▶ **Data provided**:
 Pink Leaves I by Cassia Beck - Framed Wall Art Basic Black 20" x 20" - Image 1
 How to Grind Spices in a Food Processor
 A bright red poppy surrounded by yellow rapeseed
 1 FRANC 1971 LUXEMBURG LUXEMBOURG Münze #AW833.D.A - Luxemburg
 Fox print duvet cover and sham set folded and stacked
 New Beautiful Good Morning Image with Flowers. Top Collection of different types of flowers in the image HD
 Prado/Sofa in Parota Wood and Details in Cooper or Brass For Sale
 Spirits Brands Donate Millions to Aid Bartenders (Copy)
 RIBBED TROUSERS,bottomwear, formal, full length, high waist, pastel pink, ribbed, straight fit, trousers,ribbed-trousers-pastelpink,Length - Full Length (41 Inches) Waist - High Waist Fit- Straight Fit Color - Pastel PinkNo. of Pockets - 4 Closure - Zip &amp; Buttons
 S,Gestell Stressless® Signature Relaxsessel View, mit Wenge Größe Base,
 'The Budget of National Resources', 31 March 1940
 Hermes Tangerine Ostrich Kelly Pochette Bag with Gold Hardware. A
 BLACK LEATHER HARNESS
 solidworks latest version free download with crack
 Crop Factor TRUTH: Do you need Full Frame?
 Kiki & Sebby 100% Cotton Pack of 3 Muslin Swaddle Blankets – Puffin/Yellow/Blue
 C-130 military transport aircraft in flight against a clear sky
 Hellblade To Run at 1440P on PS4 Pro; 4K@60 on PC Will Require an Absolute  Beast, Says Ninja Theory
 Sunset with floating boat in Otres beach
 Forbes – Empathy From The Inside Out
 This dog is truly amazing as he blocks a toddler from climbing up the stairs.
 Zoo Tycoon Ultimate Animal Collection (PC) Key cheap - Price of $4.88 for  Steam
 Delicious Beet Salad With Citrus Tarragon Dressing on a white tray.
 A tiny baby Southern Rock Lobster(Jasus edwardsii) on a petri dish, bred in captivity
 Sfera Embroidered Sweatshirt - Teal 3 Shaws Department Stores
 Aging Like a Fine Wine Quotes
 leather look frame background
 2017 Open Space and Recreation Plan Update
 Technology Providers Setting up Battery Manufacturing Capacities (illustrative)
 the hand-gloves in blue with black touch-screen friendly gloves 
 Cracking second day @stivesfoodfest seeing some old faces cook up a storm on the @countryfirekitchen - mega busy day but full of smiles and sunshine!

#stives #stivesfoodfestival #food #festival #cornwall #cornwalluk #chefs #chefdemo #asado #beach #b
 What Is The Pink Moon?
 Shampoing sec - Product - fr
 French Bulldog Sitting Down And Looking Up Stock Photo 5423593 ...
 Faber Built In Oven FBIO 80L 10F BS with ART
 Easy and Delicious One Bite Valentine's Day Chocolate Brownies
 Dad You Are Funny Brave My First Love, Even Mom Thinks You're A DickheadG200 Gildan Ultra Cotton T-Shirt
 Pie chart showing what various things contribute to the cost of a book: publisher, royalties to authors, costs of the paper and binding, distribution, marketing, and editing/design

▶ **Work task**:
Set down again, word for word, the stretch of records from the line with "RIBBED TROUSERS,bottomwear, formal, full" to the line with "Kiki & Sebby", both of those lines included.

▶ **Task answer**:
 RIBBED TROUSERS,bottomwear, formal, full length, high waist, pastel pink, ribbed, straight fit, trousers,ribbed-trousers-pastelpink,Length - Full Length (41 Inches) Waist - High Waist Fit- Straight Fit Color - Pastel PinkNo. of Pockets - 4 Closure - Zip &amp; Buttons
 S,Gestell Stressless® Signature Relaxsessel View, mit Wenge Größe Base,
 'The Budget of National Resources', 31 March 1940
 Hermes Tangerine Ostrich Kelly Pochette Bag with Gold Hardware. A
 BLACK LEATHER HARNESS
 solidworks latest version free download with crack
 Crop Factor TRUTH: Do you need Full Frame?
 Kiki & Sebby 100% Cotton Pack of 3 Muslin Swaddle Blankets – Puffin/Yellow/Blue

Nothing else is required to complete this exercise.